Records for this exercise ::
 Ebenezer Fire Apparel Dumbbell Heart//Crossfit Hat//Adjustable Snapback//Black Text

* * *

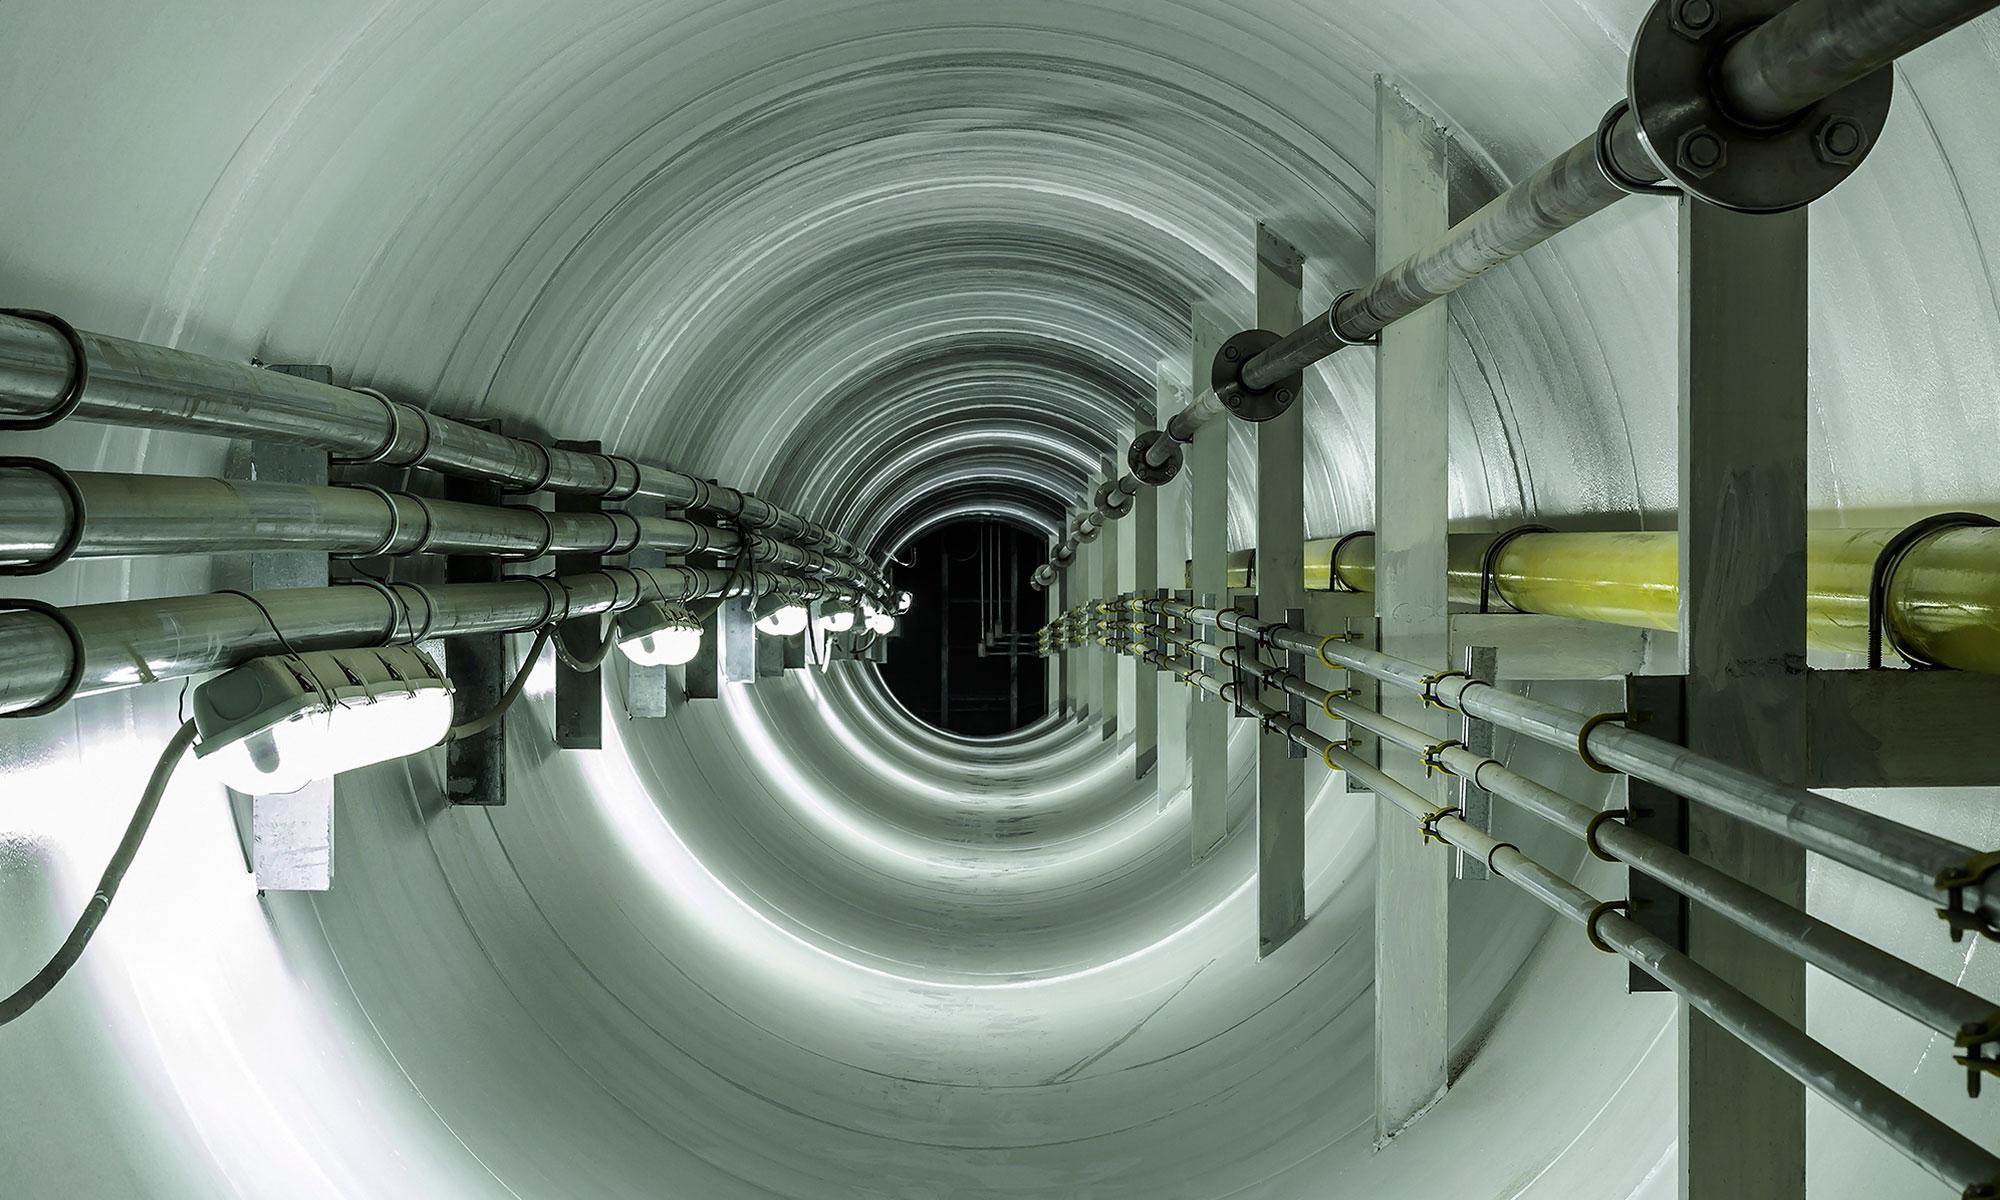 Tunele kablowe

==

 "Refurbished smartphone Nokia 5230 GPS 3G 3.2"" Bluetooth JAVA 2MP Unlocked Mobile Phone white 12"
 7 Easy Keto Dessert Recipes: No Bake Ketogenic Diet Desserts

Exercise prompt :: Look above for the line with "smartphone Nokia 5230" and the line with "7 Easy Keto". Retype those two lines and every line between them exactly, adding nothing.

Solution to this task ::
 "Refurbished smartphone Nokia 5230 GPS 3G 3.2"" Bluetooth JAVA 2MP Unlocked Mobile Phone white 12"
 7 Easy Keto Dessert Recipes: No Bake Ketogenic Diet Desserts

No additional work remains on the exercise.